All of this is consistent with the application-level invariant we're trying to uphold: at no point was an observer able to see blueprint "X + 1" and not the data that txn1 wrote and then later see the data that txn1 wrote.

Another way to phrase all this: what we observed here was CockroachDB re-ordering things so that the transaction that set the target blueprint, although it completed first in wall-clock time, was logically after the transaction that checked the blueprint state and wrote the data. And there's nothing wrong with that.


Using sqldance, I also went through the example in #6712. That example is trying to show a case where the DNS update code would be broken by another transaction arriving and changing the DNS generation in the middle of the transaction that normally tries to update it. The end result in the test does violate the assumed invariant that there can only be one version.

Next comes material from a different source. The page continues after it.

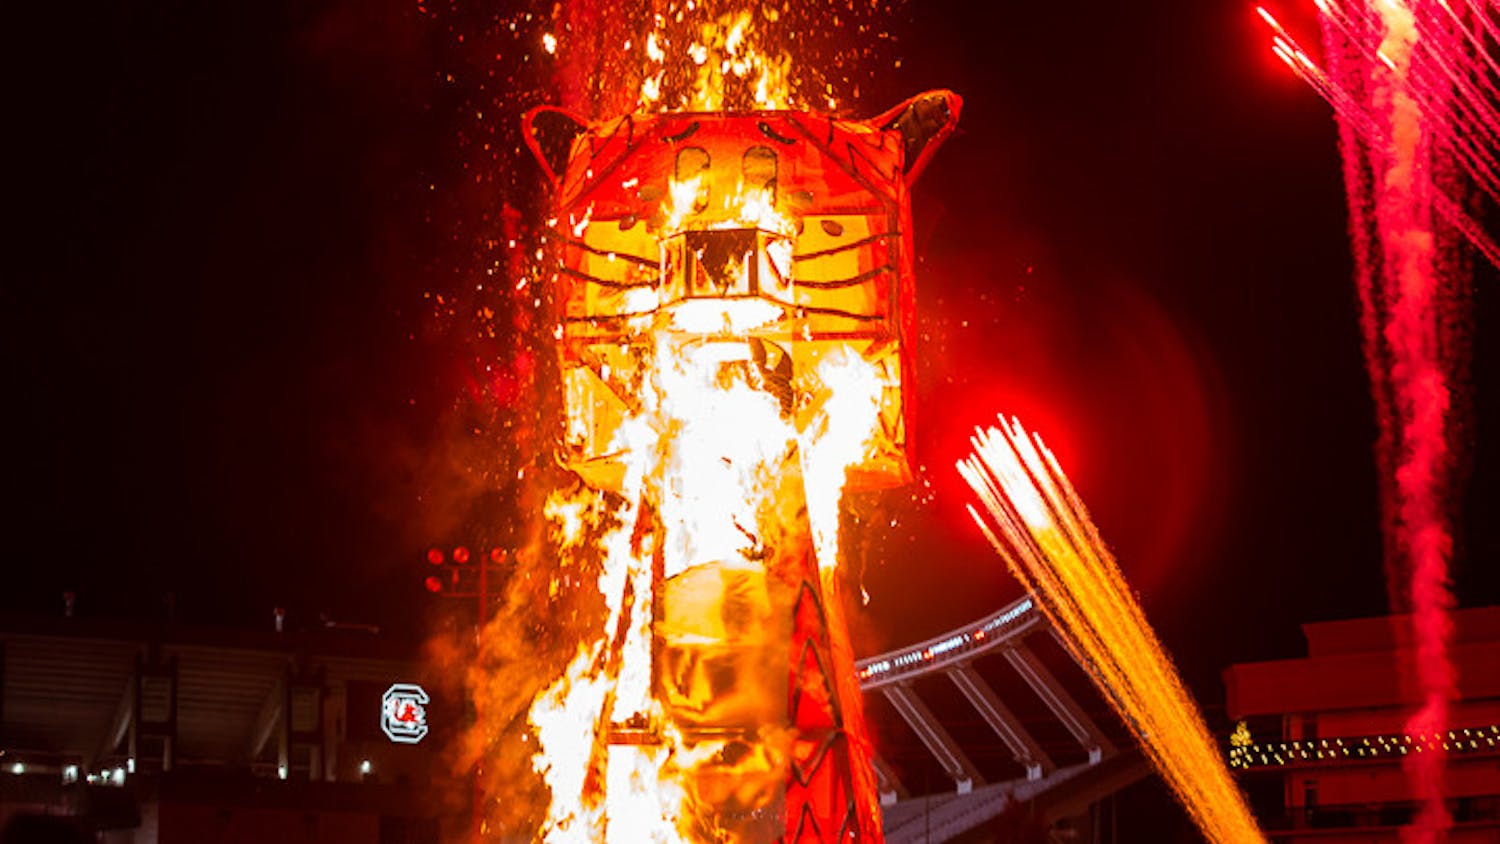 The blaze begins as the flames quickly catch and spread throughout the 32.5-foot-tall Celmson Tiger Statue. Fireworks are set off in the background for added effect.

But that's because of the the transaction that inserts a new version without checking the current one first. If I instead change the sqldance example to do what the real DNS update code does, which is to read the current DNS version and then try to update it, then one of the two attempted updates always fails. So I think that in the end the DNS update code is correct, and for the reason mentioned in the comment about the transactions being serializable.


I know we all (myself included) have been confused at various points in the last few days and I'd love someone to verify this reasoning and it'd also be good to work through any other examples that we've found confusing. But from the cases I've looked at, the code we have seems correct and the concurrency model is as strong as we've been assuming.

andrewjstone commented 1 month ago

Dave, I spent a while this weekend going through this as well and I came up with essentially the same answer as you. I'm going to write my thinking down, not because I don't think you realize this but to confirm we are on the same page and to provide some additional notes for others.

I think you made a mistake in this line here though, which you correct in prose below that:

If txn3 arrives after txn2 completes and after txn1 has written the data, then txn3 blocks until txn1 completes and in the end all three transactions complete successfully with the logical ordering being: txn2, txn1, txn3.

The above states the physical time of transaction completion, but the logical serialization schedule is txn1, txn2, txn3. This is because txn1 read X first, and txn2 wrote X+1, therefore txn1 must be ordered logically before txn2. The other data being written by txn1 is unrelated to the any data in txn2, and so this is what allows the logical serial order of these two transactions to operate concurrently and then commit independently.

I think the introduction of txn3 shows what a conflict looks like and when txn1 would abort, but it's not strictly necessary to infer the ordering of txn1 and txn2based on serializability. CRDB runs txn1 and txn2 in parallel (via MVCC) for performance reasons, and txn1 reads X before txn2 commits. MVCC importantly allows the "writer to not block the reader". Therefore, for concurrent transactions, as long as there are not other conflicts, a read and write of the same value (X in this case) allows both transactions to commit independently. This is because the logical serialization order is not the same as the commit time. There is no "real-time" component to serializability in principle, although in practice CRDB limits how long transactions can run without a retry error. But you could imagine a hypothetical database where txn1 and txn2 are the only two transactions that ever run and they start concurrently. The operate such that txn1 reads val=X and txn2 writes val=X+1. txn2 commits. Then txn1 performs a computation that takes 2 years and computes Y. Eventually, it writes the output to val2 = Y and commits. txn1 is still logically ordered before transaction 2, even though it committed 2 years later. This is allowed by serializability, whereas it wouldn't be allowed by linearizability or stict serializability.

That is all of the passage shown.